Thursday, June 18, 2015

The Captain's medal



Staring into the hushed darkness of their barrack, sipping through the last rounds of intricately blended malt Roark spoke to Col. William in a deep thoughtful voice. This was the first time  Col. William was hearing Roark opening his heart out to someone with so delicate profundity and thoughtful genuineness

 Capt. Roark said to Col. William, “How many medals do you think you had won in your high school, Colonel Strickfield?”
“Quite a few I guess. I can’t give you exact number but I can say I had my fair share. I excelled in sports if not my academics which earned me a good reputation.” Colonel replied.

“And how many men do you think you have killed by now??”
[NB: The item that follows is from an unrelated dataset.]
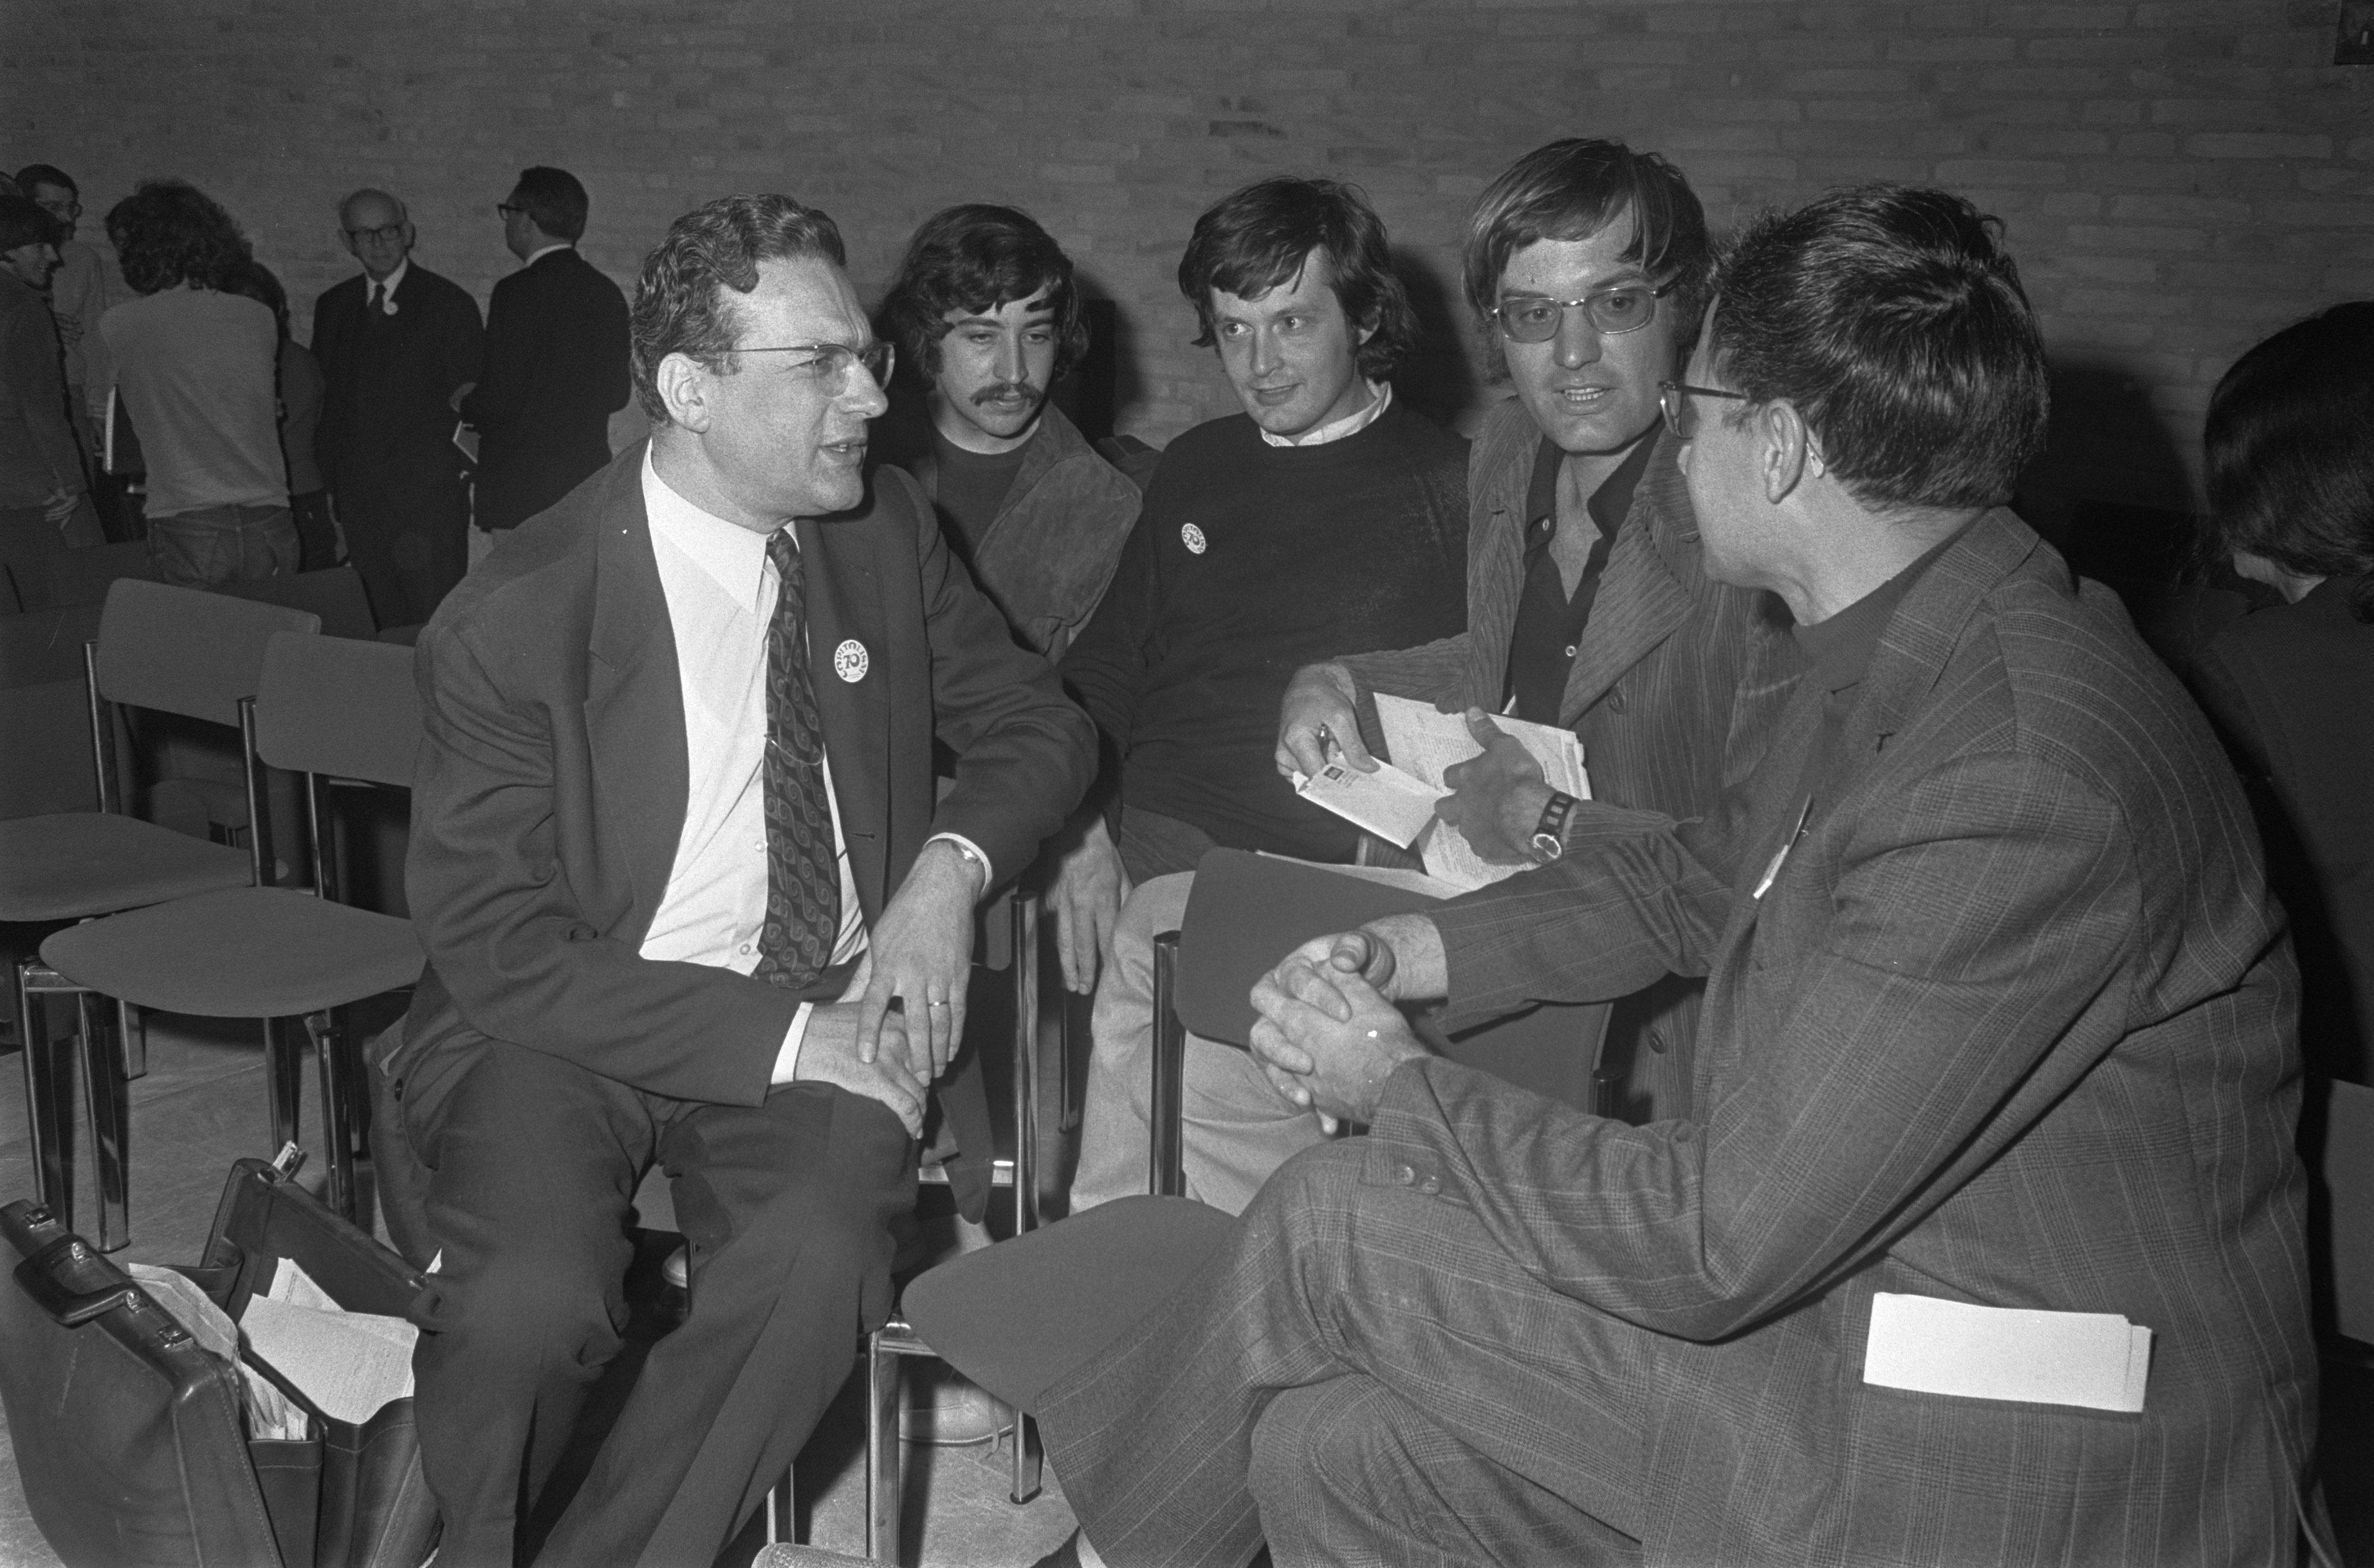 Congress on ''Capitalism in the seventies'', Tilburg, the Netherlands (1970). Left to right: [[Ernst Mandel]], Herbert Gintis, [[Bob Rowthorn]], [[Elmar Altvater]] and organiser [[Theo van de Klundert]]

“I don’t know Captain. It is not our job to count how many we have shot. All I do is pull the trigger at the man who is in my scope and whom I know is trying to hurt my men”

“It’s funny Colonel. When I was in high school I never won anything. Though I have always maintained and tried to convince others that I had all the potential to win, the thing is I never won. However I did participate in many activities but whenever it was time to perform like in a finale of any race my heart stopped beating and my mind would go blank with fear and I couldn’t move. But today when I shot that man across the street, I feel that this is the first time in my life I had achieved something I always longed for. Something I feel that was missing and now I feel completed.”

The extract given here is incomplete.